Mes principes clefs pour changer de cap professionnel

  • Revue de préalables à observer avant tout changement.

Evidemment, chacun est différent. Chacun de nos parcours est le fruit d’une alchimie subtile, qui combine notre éducation, nos goûts, notre caractère, etc. Je ne suis pas un expert en ré-orientation professionnelle comme le personnage de mon spectacle qui invite à « échanger » autour d’un café fédérateur… Cependant, vous avez demandé à votre modeste journaliste d’un jour, et je me prête volontiers à l’exercice, de dégager quelques principes simples qui, s’ils ne garantissent pas le succès, pourraient permettre d’éviter des erreurs à ceux qui envisagent de changer de cap professionnel…

D’abord, bien se connaître soi-même

Rien de nouveau depuis Socrate, mais je crois que c’est fondamental. Avant de se lancer dans une reconversion, il faut connaître avec précision et honnêteté ses points forts – et, bien entendu, ses points faibles. Le plus grand danger est de se lancer, tête baissée, dans une carrière pour laquelle on n’est pas fait, par caprice, par lassitude, par précipitation.

Ensuite, obéir à sa nécessité intérieure

La reconversion a les meilleures chances de réussir si vous êtes réellement convaincu que le prix du renoncement est beaucoup plus élevé que celui de l’audace. Alors, les efforts, les obstacles, les résistances vous paraîtront plus légers.

Faire une vraie proposition

Cela veut dire que celui ou celle qui change de carrière fait au fond une proposition au monde qui l’entoure : personne ne l’attend, à lui de susciter l’adhésion autour de sa démarche. C’est particulièrement vrai, je crois, dans les métiers artistiques.

Interpréter les signes et saisir les occasions

Quand vous voulez vraiment changer de vie, certains événements prennent un sens particulier. Quand j’étais fiscaliste à New York, je sentais monter une insatisfaction. Je voulais monter sur scène mais cette démarche me paraissait folle. L’attaque sur les Tours jumelles a cristallisé tout cela. Je me suis dit que le monde était encore plus fou. Et, donc, que je pouvais suivre ma passion.

Prendre soin de son entourage

Changer de métier entraîne le plus souvent des conséquences radicales sur vos proches, quelle que soit votre situation.
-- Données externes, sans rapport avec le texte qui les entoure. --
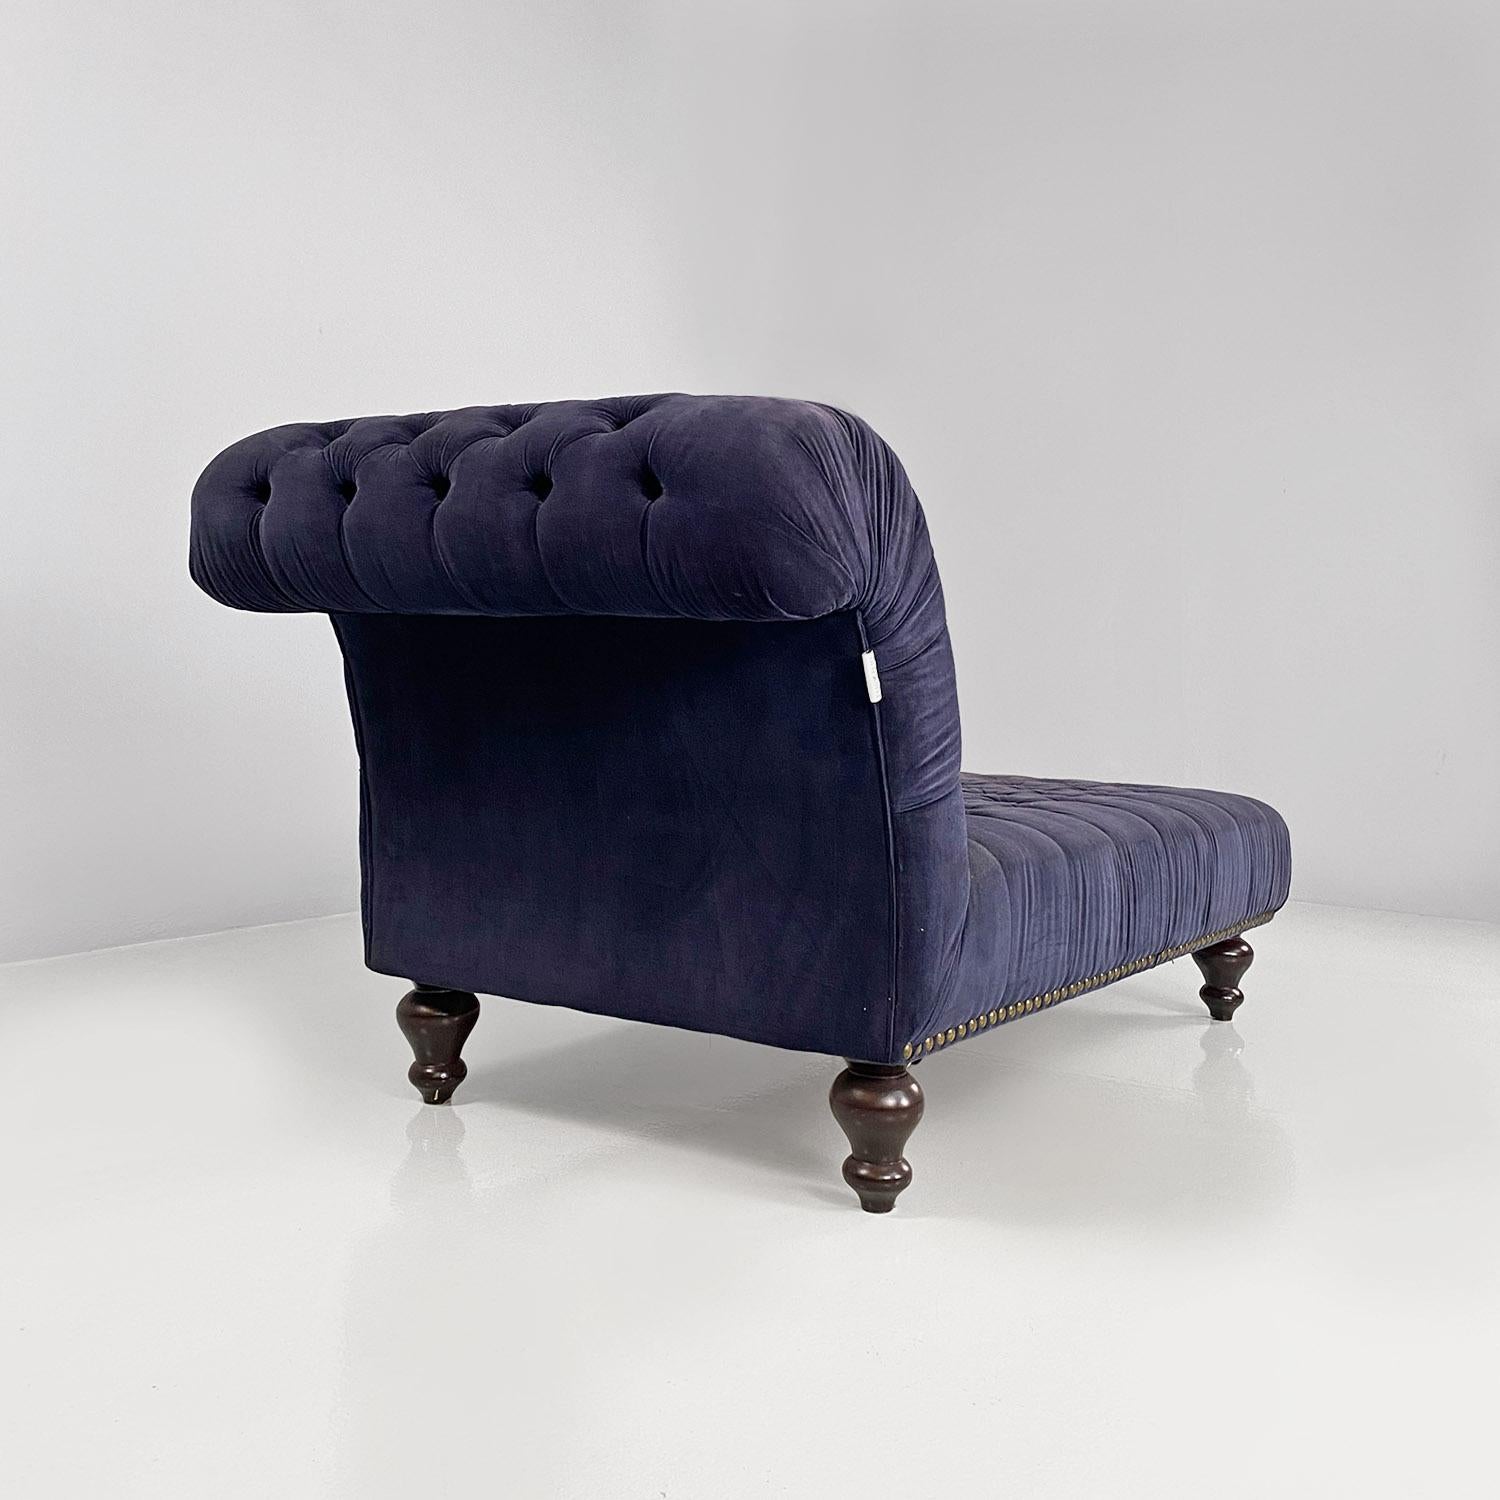 Fin du 20e siècle dormeuse ou chaise longue italienne de style ancien en velours bleu et bois, années 1980 en vente

Evidemment la marge de manoeuvre est plus ou moins réduite selon la situation familiale. L’entourage peut être désarçonné, sceptique, voire réticent. La difficulté consiste à mener à bien votre reconversion sans choquer ni blesser outre mesure. D’autant plus que vous devrez compter sur la présence de ceux qui croient en vous.

Anticiper tout ce qui peut l’être

Bien sûr, il y a toujours des raisons pour ne pas changer de voie : la pression économique est devenue telle… Aujourd’hui, on ne veut pas changer de vie mais garder la sienne si possible… Pour maîtriser le stress et le risque associé à une reconversion, je conseillerais d’anticiper tous les points matériels qui peuvent l’être. Et de se doter d’une solution de repli en cas d’insuccès. Facile à dire !
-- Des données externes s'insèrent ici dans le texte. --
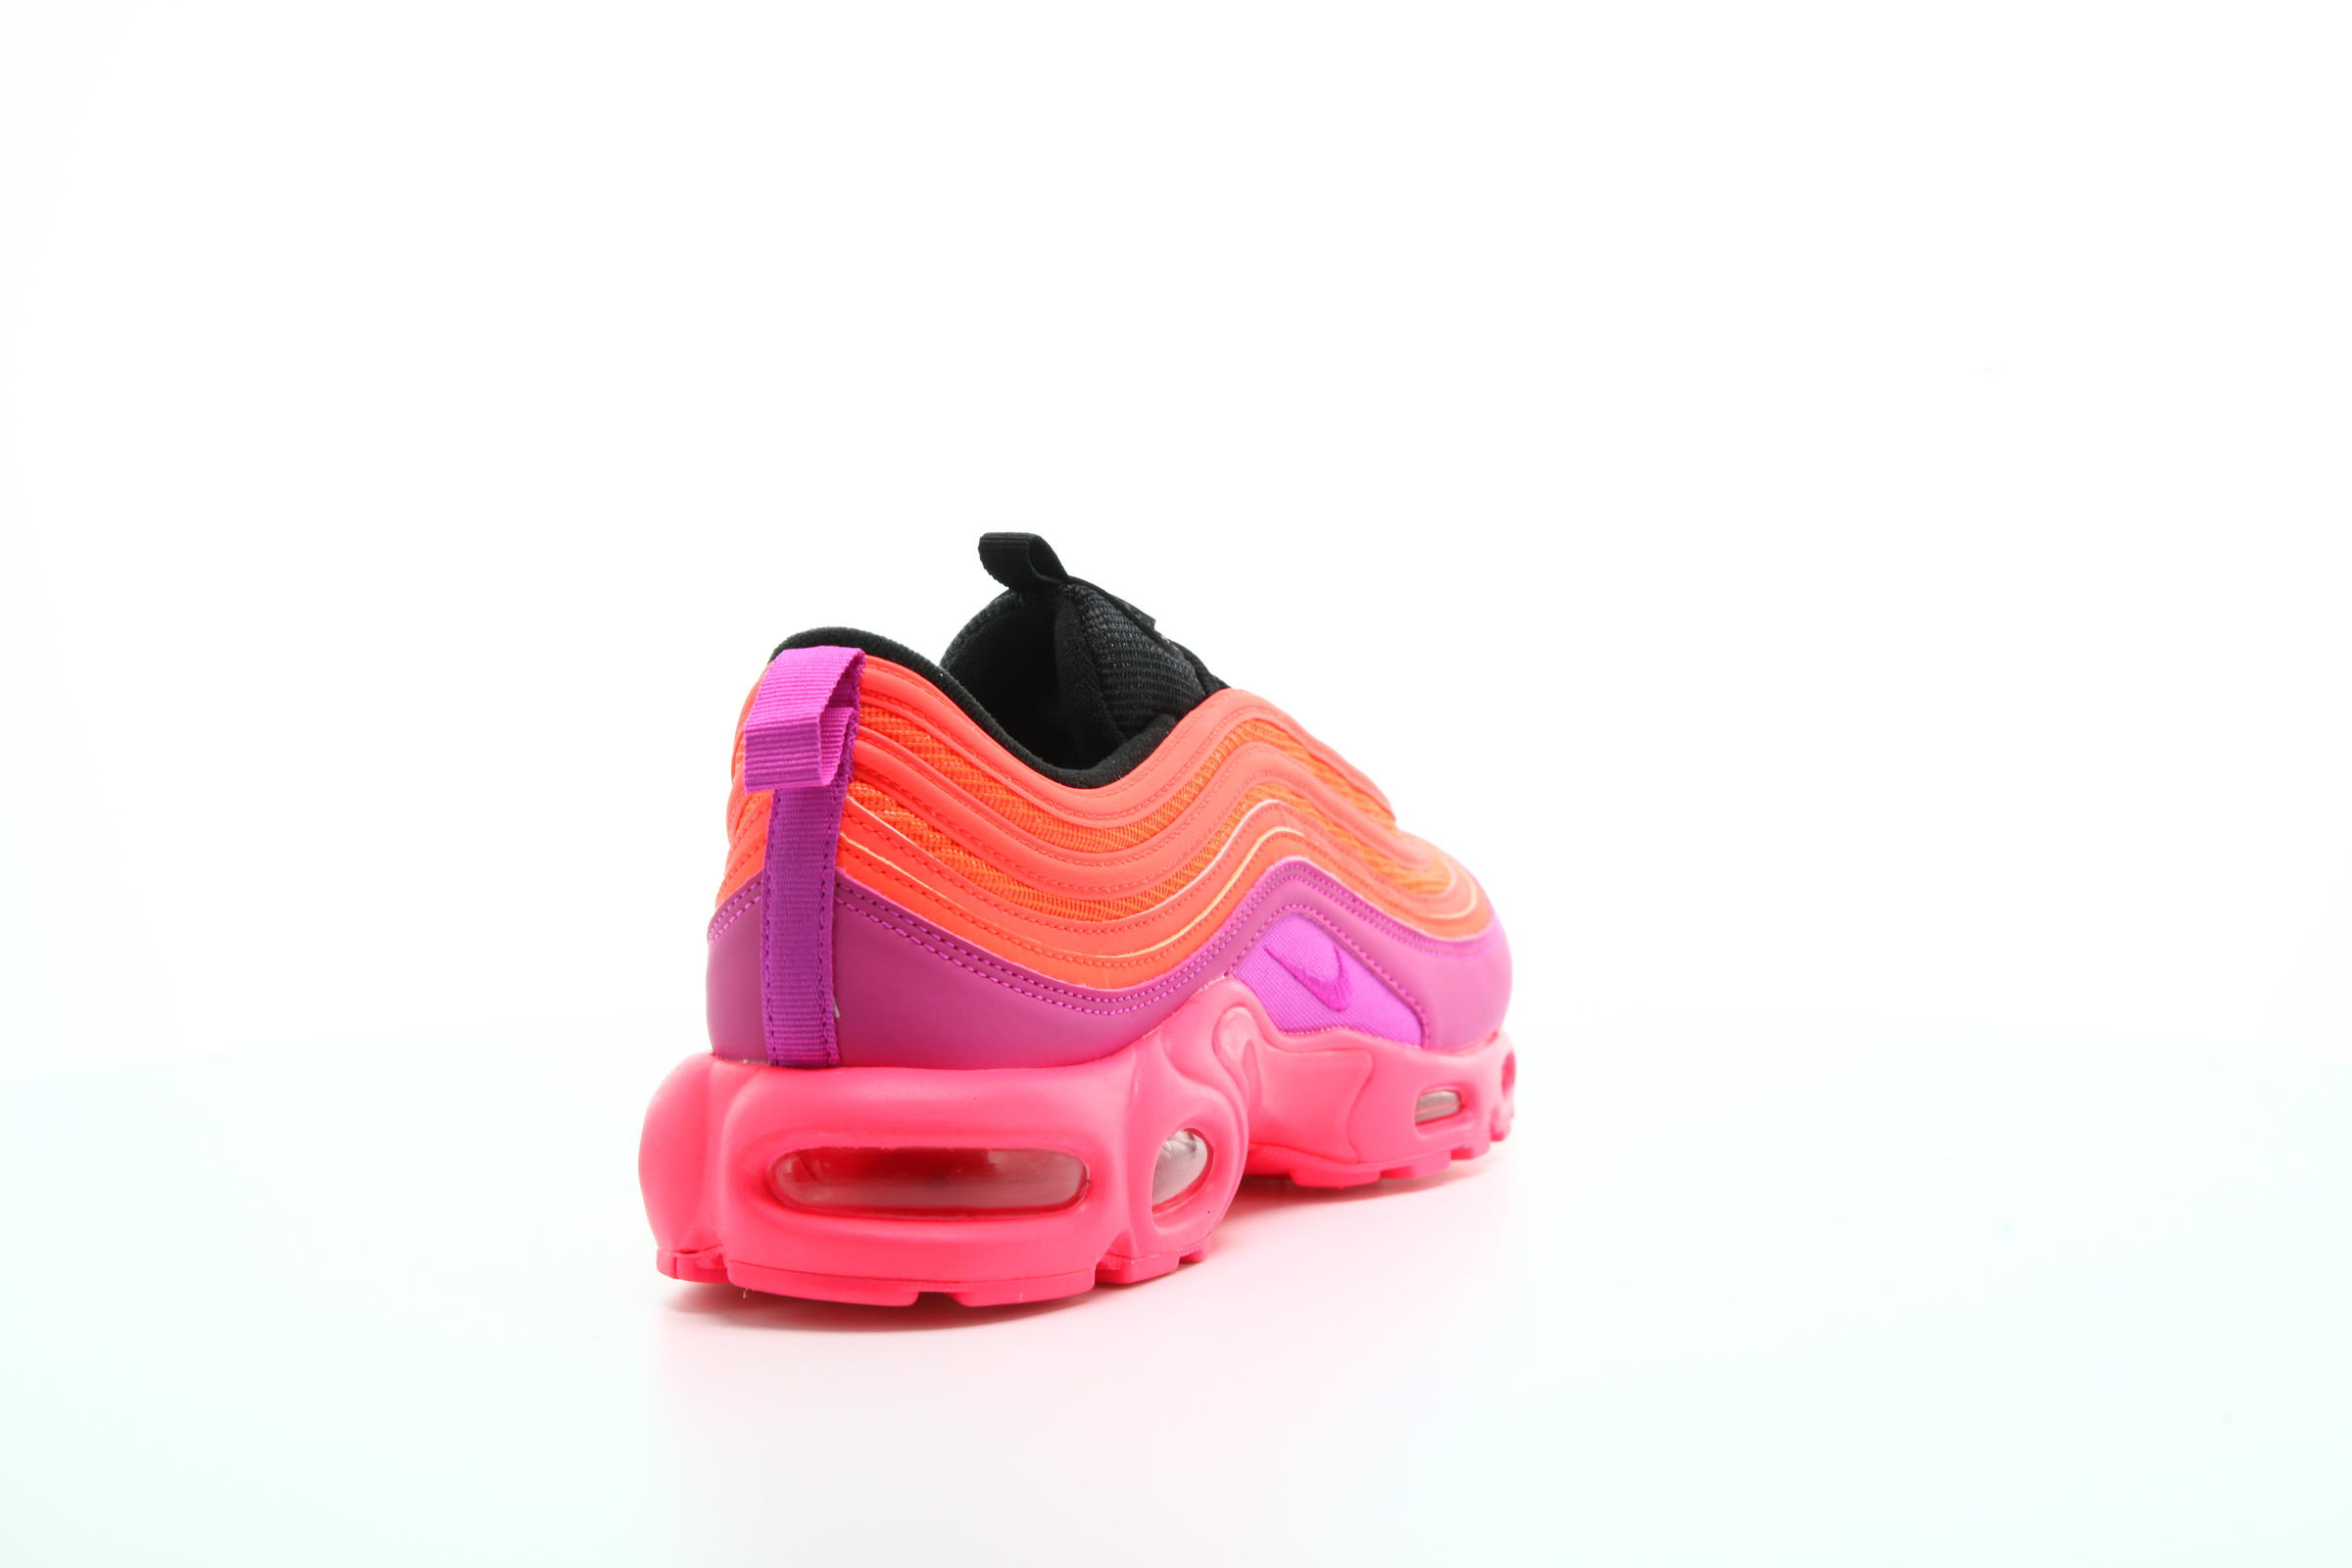 Nike Air Max Plus 97 "Racer Pink"

Accepter, à un moment, l’épreuve de vérité

Il reste qu’une reconversion est toujours un coup de poker. Il y a des moments décisifs qui font que votre vie avance ou recule. Quand j’ai joué en 2002, pour une seule soirée, au théâtre du Gymnase le spectacle que j’avais écrit, et battu le rappel de mes fidèles, j’ai joué l’un de ces coups. Je me suis jeté à l’eau et j’ai pris le risque d’être ridicule devant tous les gens que je connaissais… Avec un peu de recul, j’en frémis.

Cultiver une forme d’excitation permanente

Quitter une routine pour une autre n’a aucun intérêt. La reconversion ne peut être durable que si elle vous conduit vers une vraie passion, quelque chose qui vous nourrit affectivement et intellectuellement, tous les jours.

Se remettre en question de façon régulière

Changer de vie, c’est se mettre dans un état d’esprit qui rend possible le changement tout au long de l’existence. Aujourd’hui, j’essaie de rester fidèle à cette disposition de coeur et d’esprit.

Garder l’humilité de celui qui sait que vivre de sa passion reste un privilège

Une fois que vous avez réussi à aller vers votre singularité, je suis convaincu qu’il faut garder à l’esprit le fait que tout le monde n’a pas cette chance. C’est une chance énorme que vivre d’une passion, et la faire partager. Là, c’est le comédien qui parle, car, sans le public, nous ne sommes rien.